| Exercise instructions |
Only the pictures should be left out; write out all other data exactly.

| Data shown |
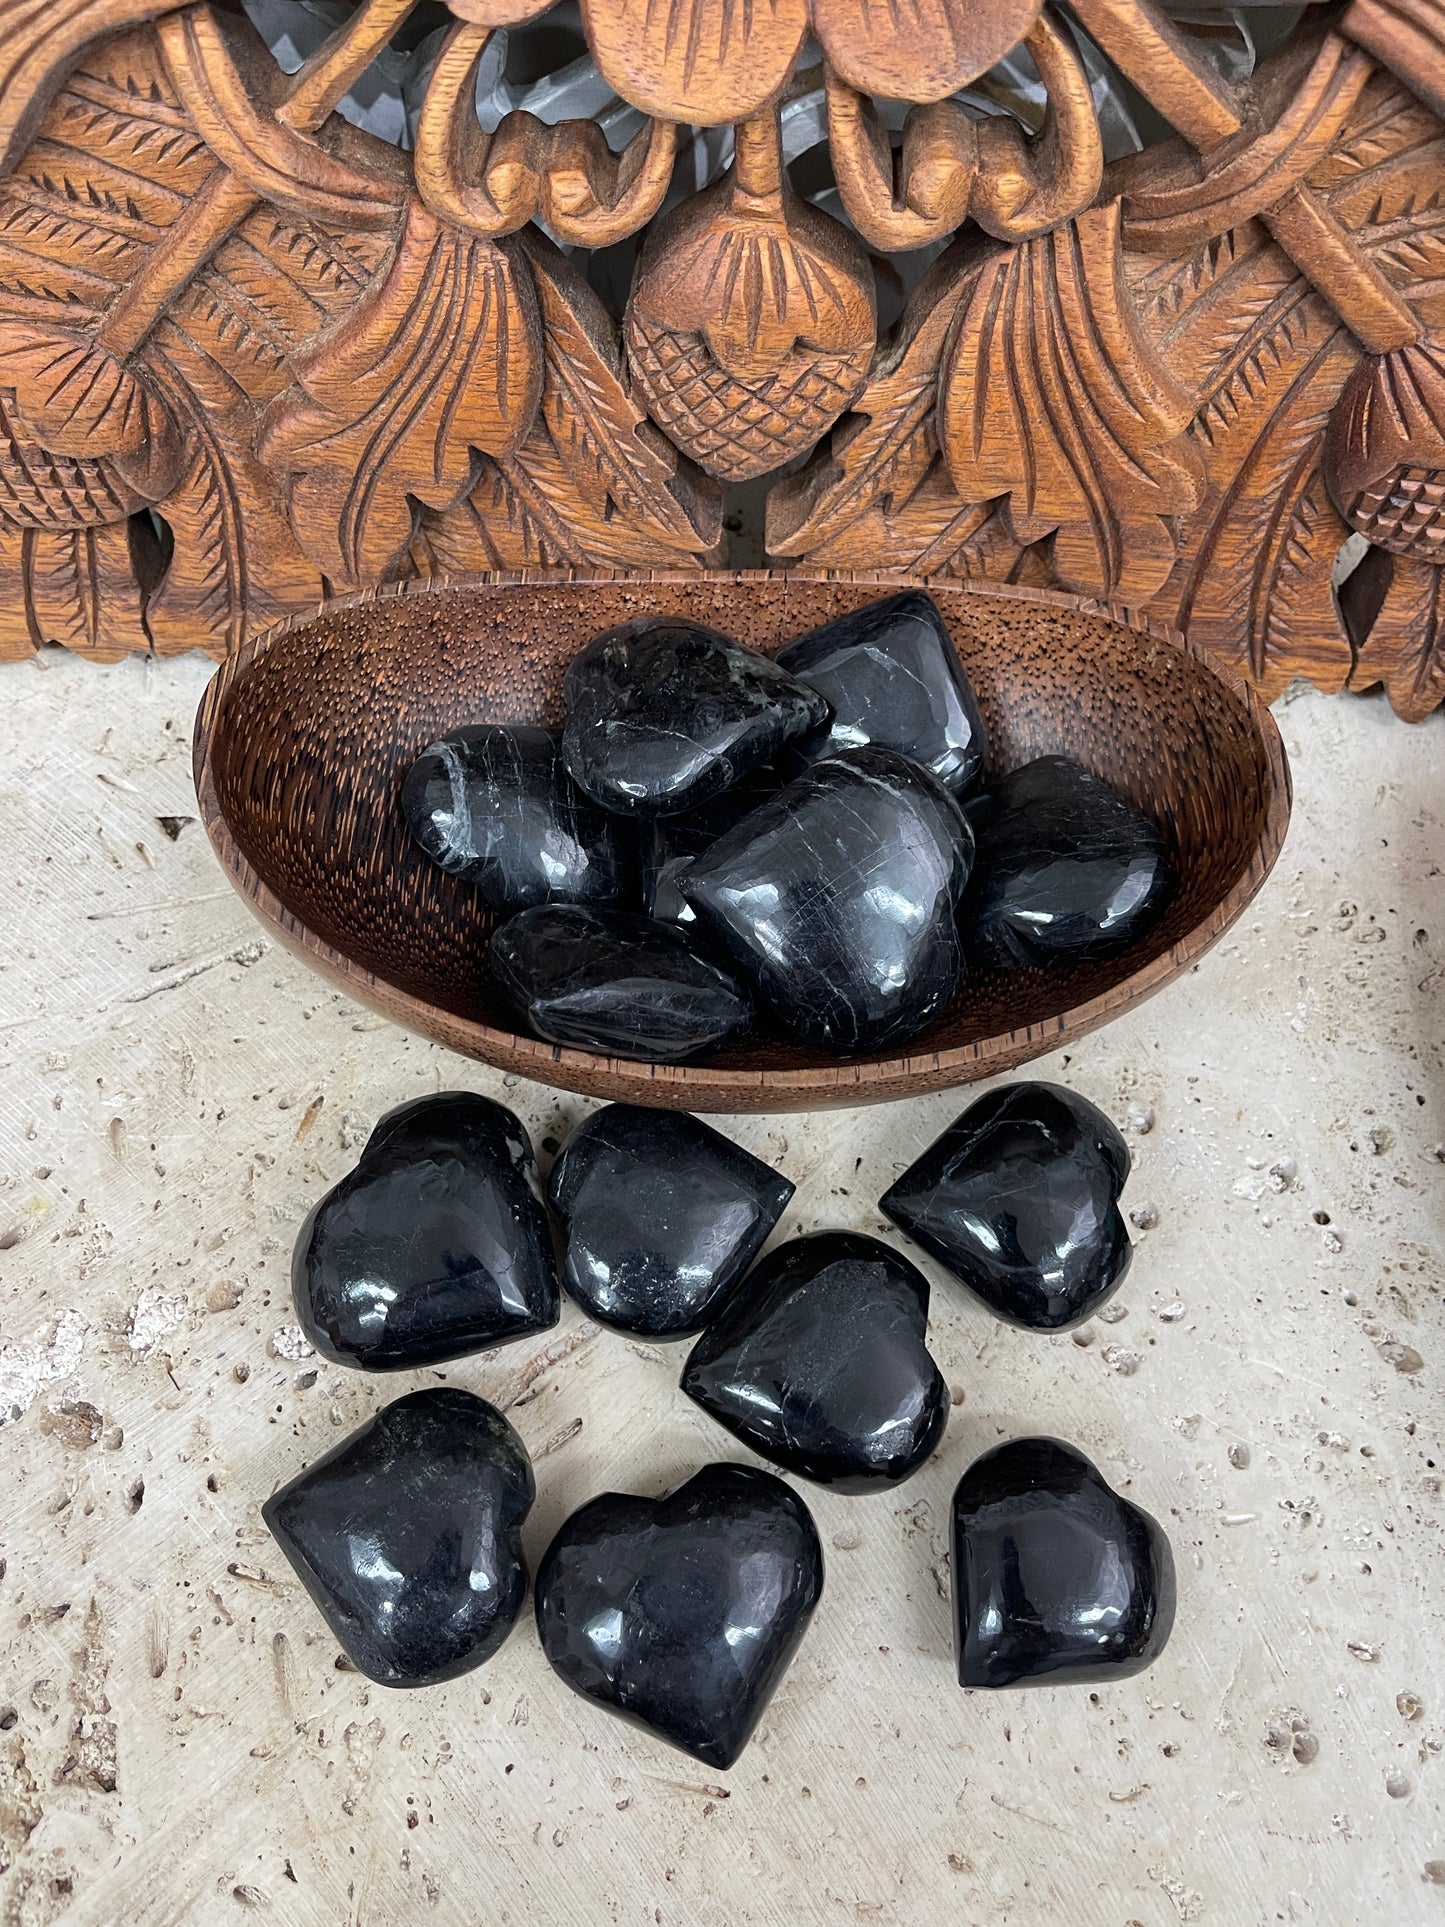 Large Black Tourmaline Hearts
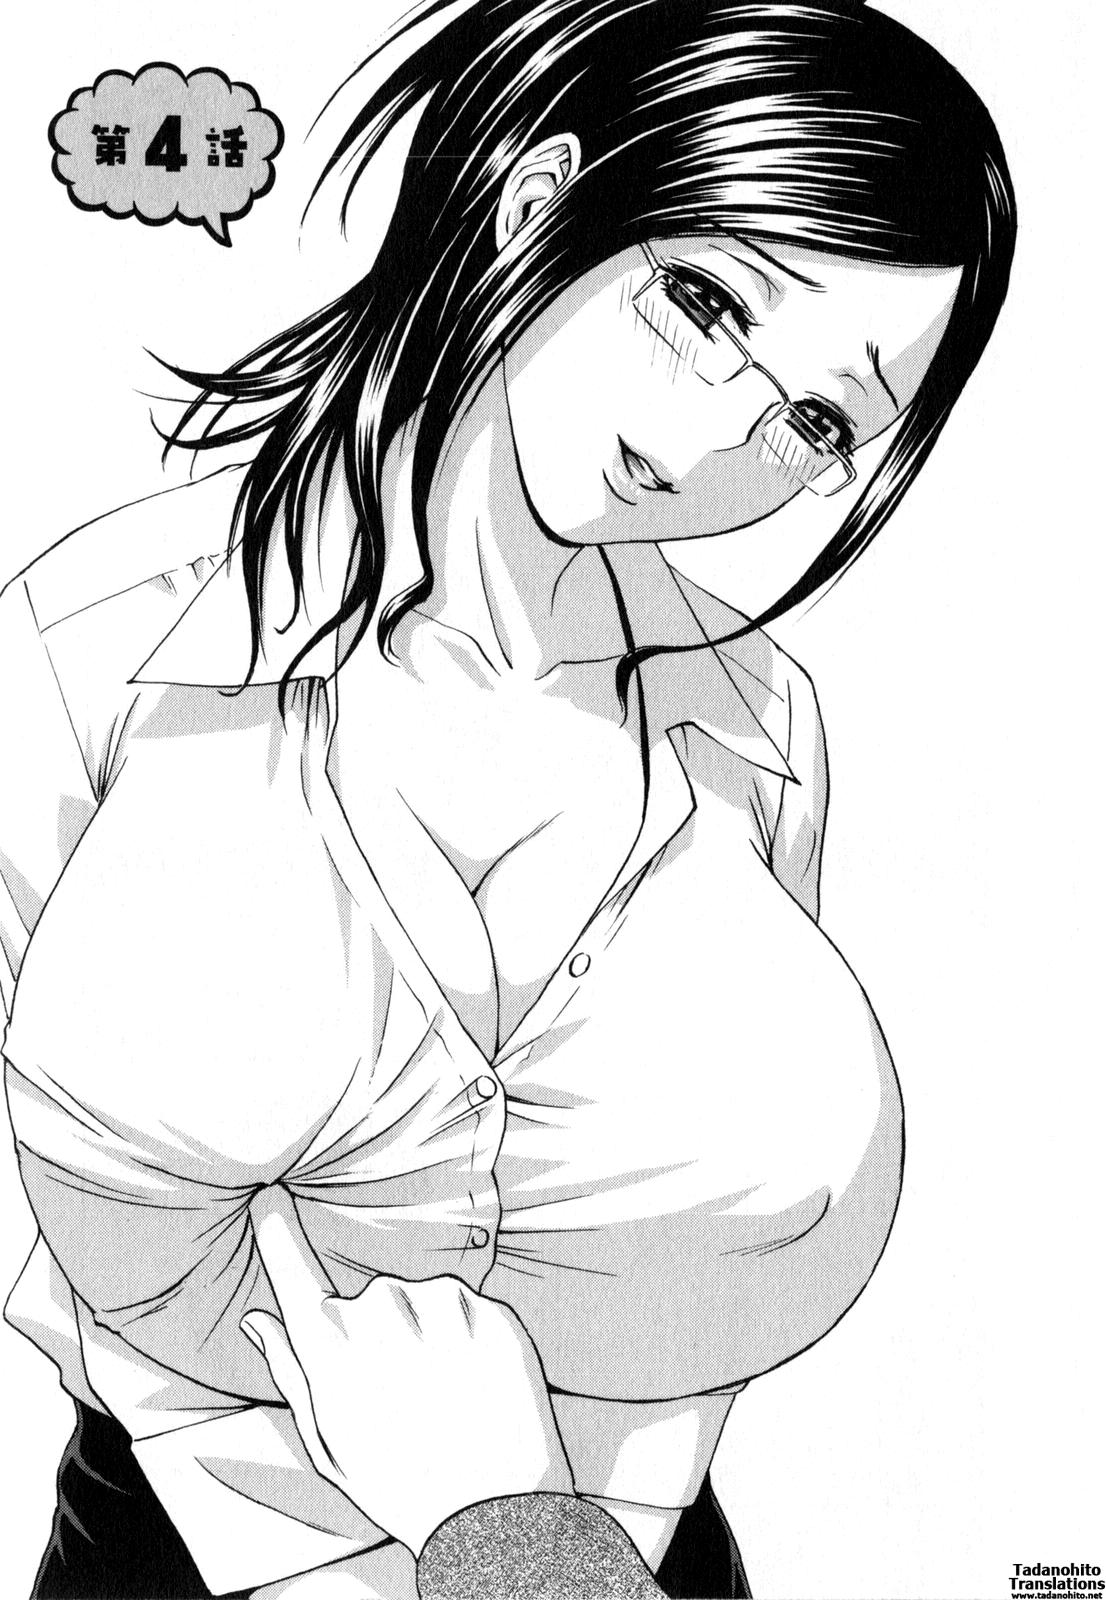 [Hidemaru] Life with Married Women Just Like a Manga 2 - Ch. 1-7 [English] {Tadanohito} 67
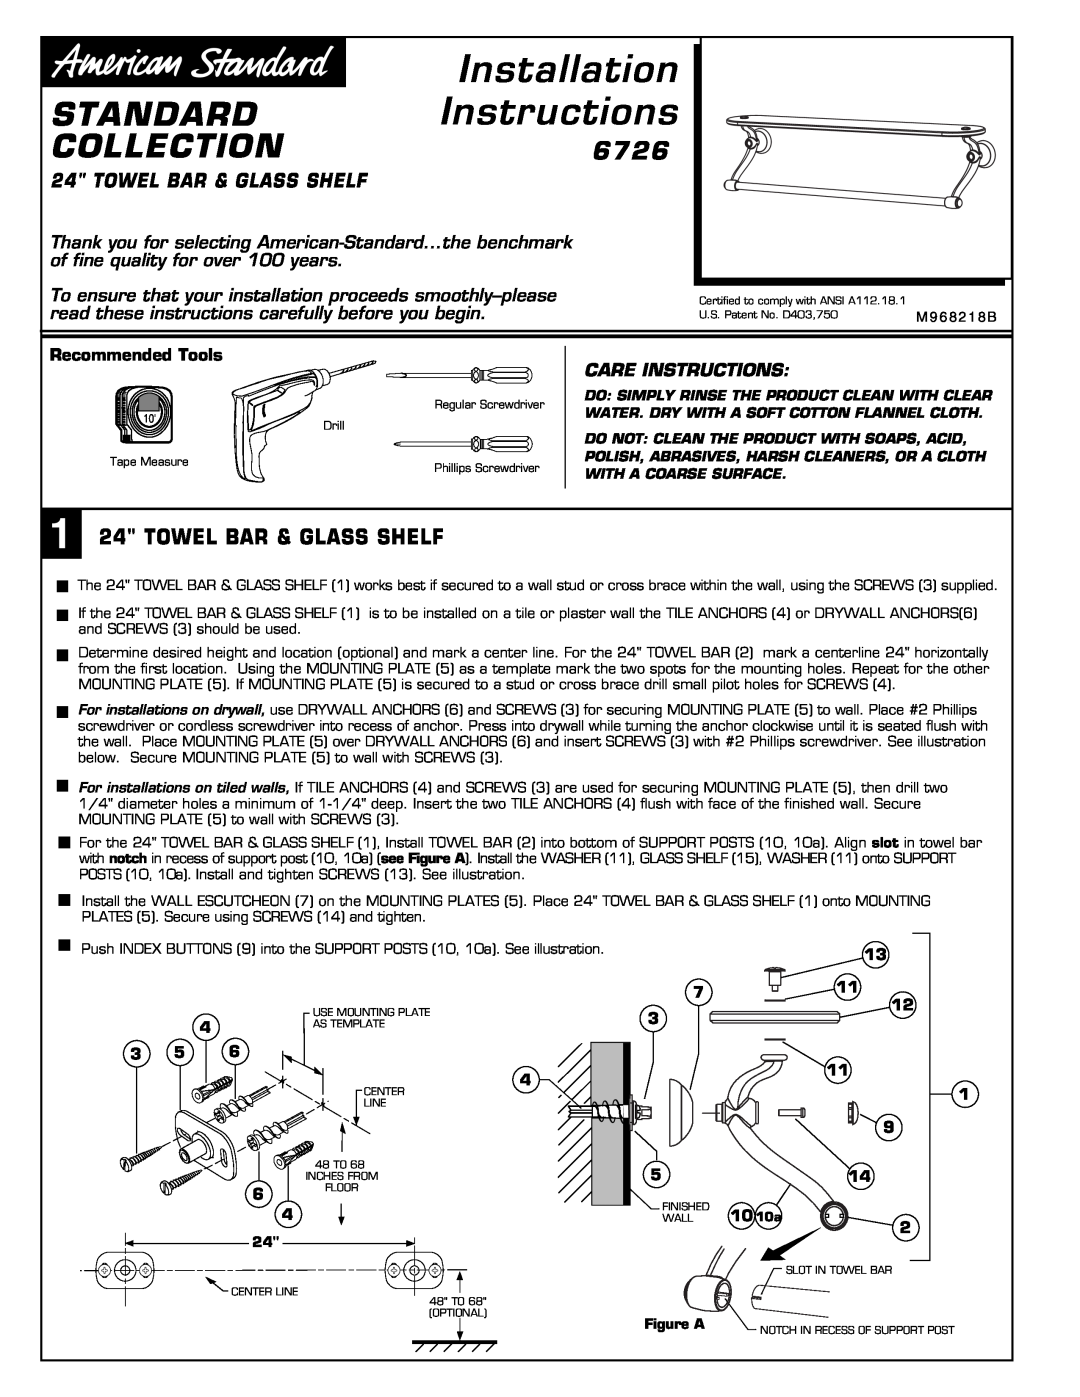 American Standard 6726 installation instructions Standard, Collection, Towel Bar & Glass Shelf, Care Instructions 
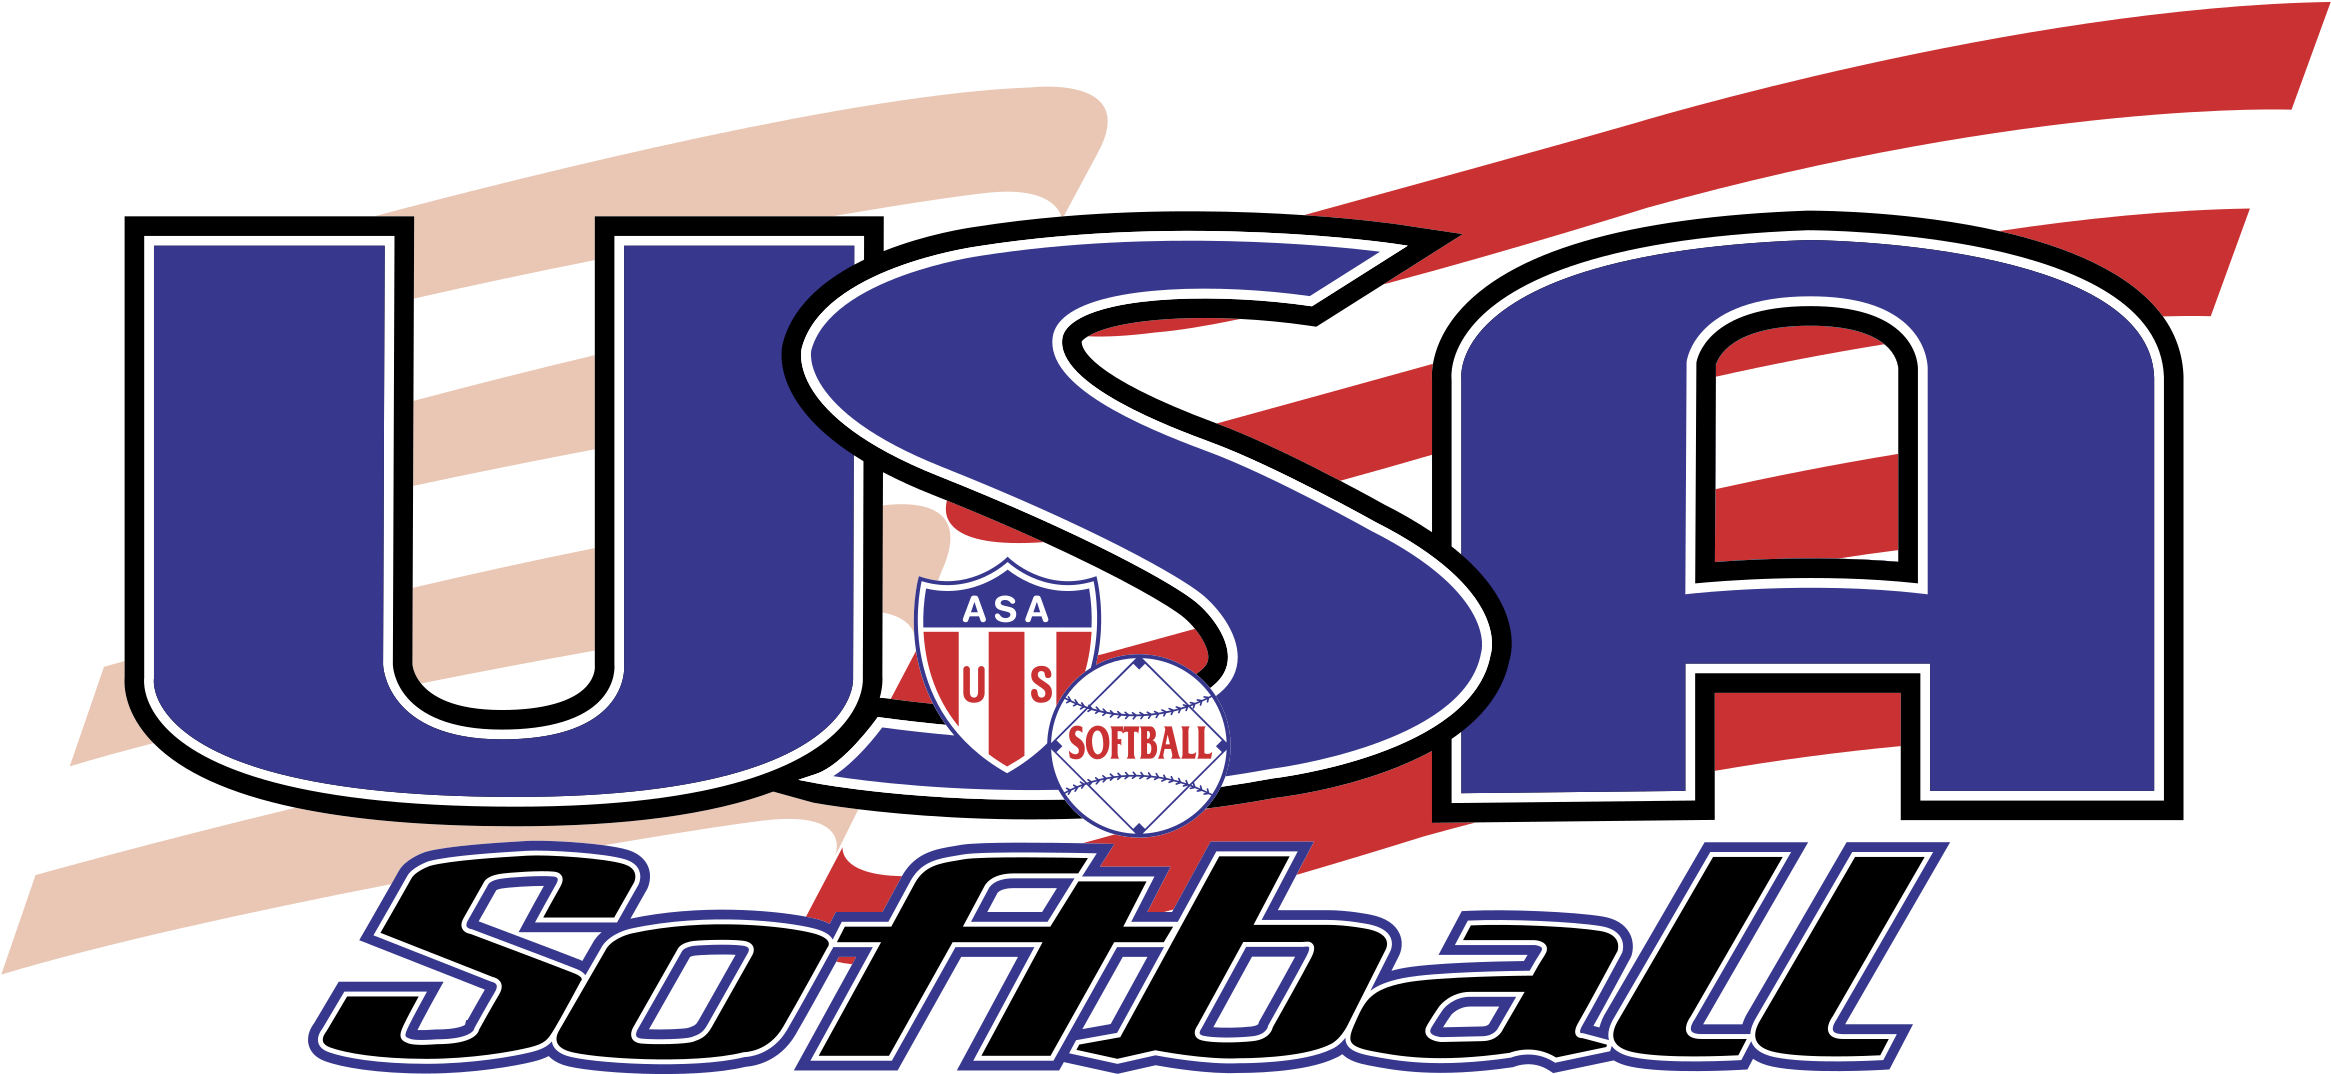 Usa Softball Logo Black And White - Official Rules Of Softball [book] (2400x2400)

| Expected answer |
 Large Black Tourmaline Hearts
 [Hidemaru] Life with Married Women Just Like a Manga 2 - Ch. 1-7 [English] {Tadanohito} 67
 American Standard 6726 installation instructions Standard, Collection, Towel Bar & Glass Shelf, Care Instructions 
 Usa Softball Logo Black And White - Official Rules Of Softball [book] (2400x2400)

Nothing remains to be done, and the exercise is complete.